═════ SUPPLIED INFORMATION ═════
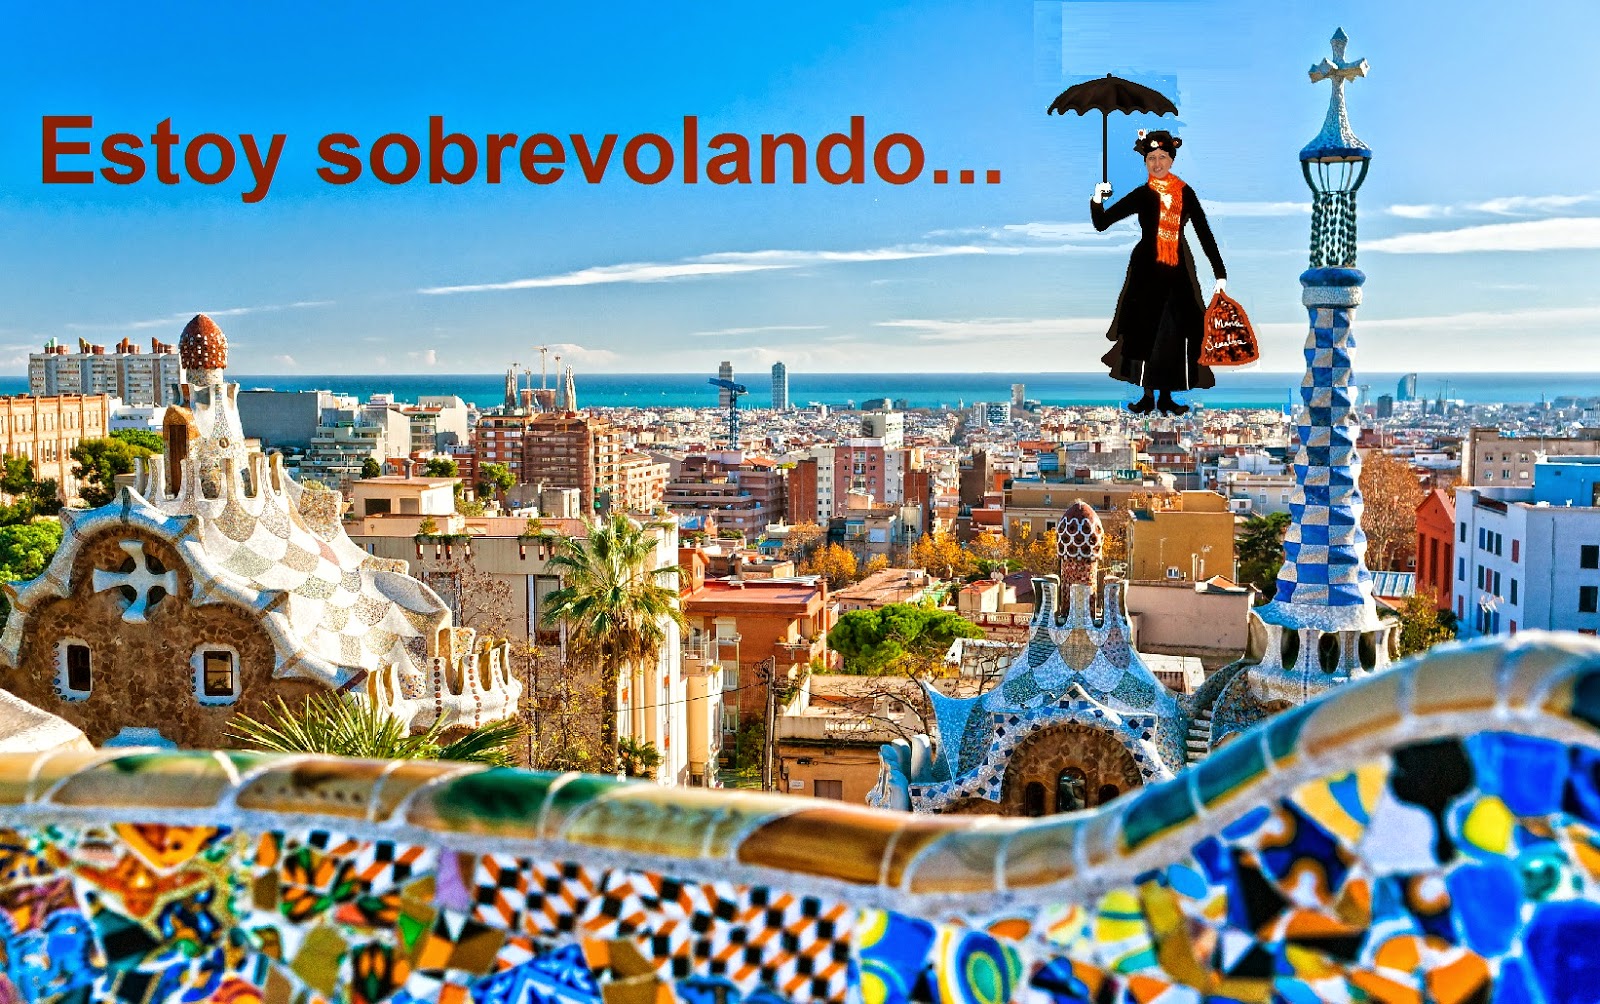 El Blog de María Serralba - Cinco horas en Barcelona
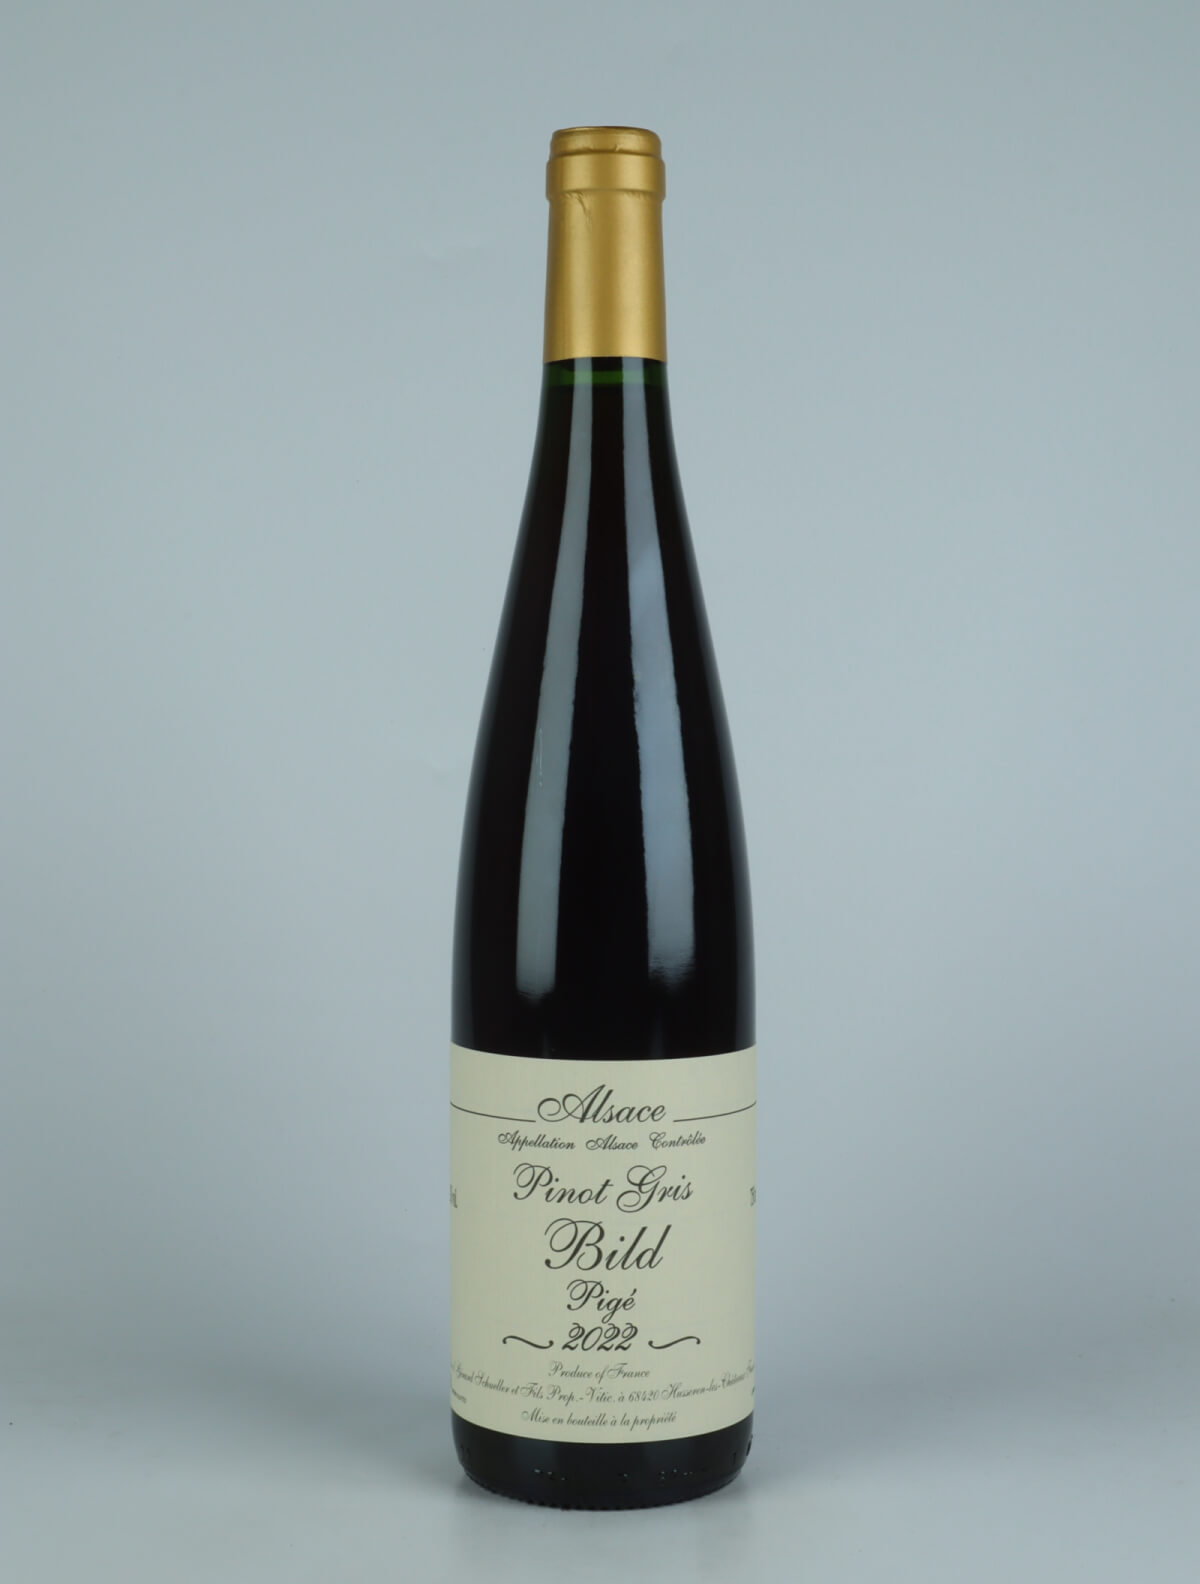 En flaske 2022 Pinot Gris Bild Pigé Orange vin fra Gérard Schueller, Alsace i Frankrig
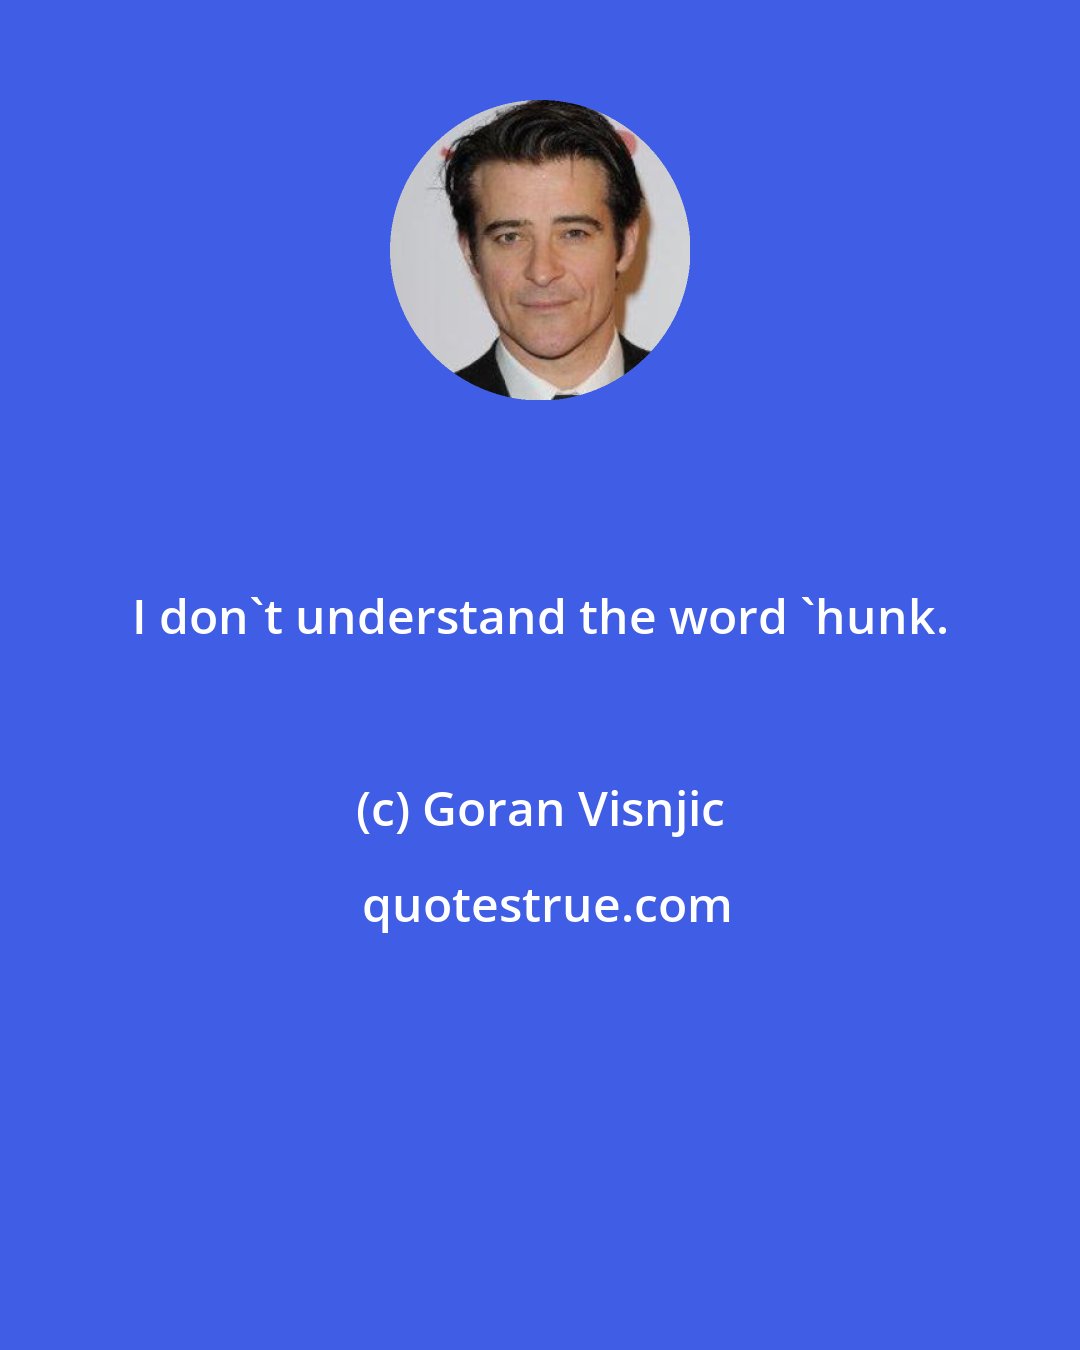 Goran Visnjic: I don't understand the word 'hunk.
═════
- **REQUIRED WORK**
Pictures are not part of the copy; transcribe the rest of the data verbatim.

- **RESULT OF THE TASK**
 El Blog de María Serralba - Cinco horas en Barcelona
 En flaske 2022 Pinot Gris Bild Pigé Orange vin fra Gérard Schueller, Alsace i Frankrig
 Goran Visnjic: I don't understand the word 'hunk.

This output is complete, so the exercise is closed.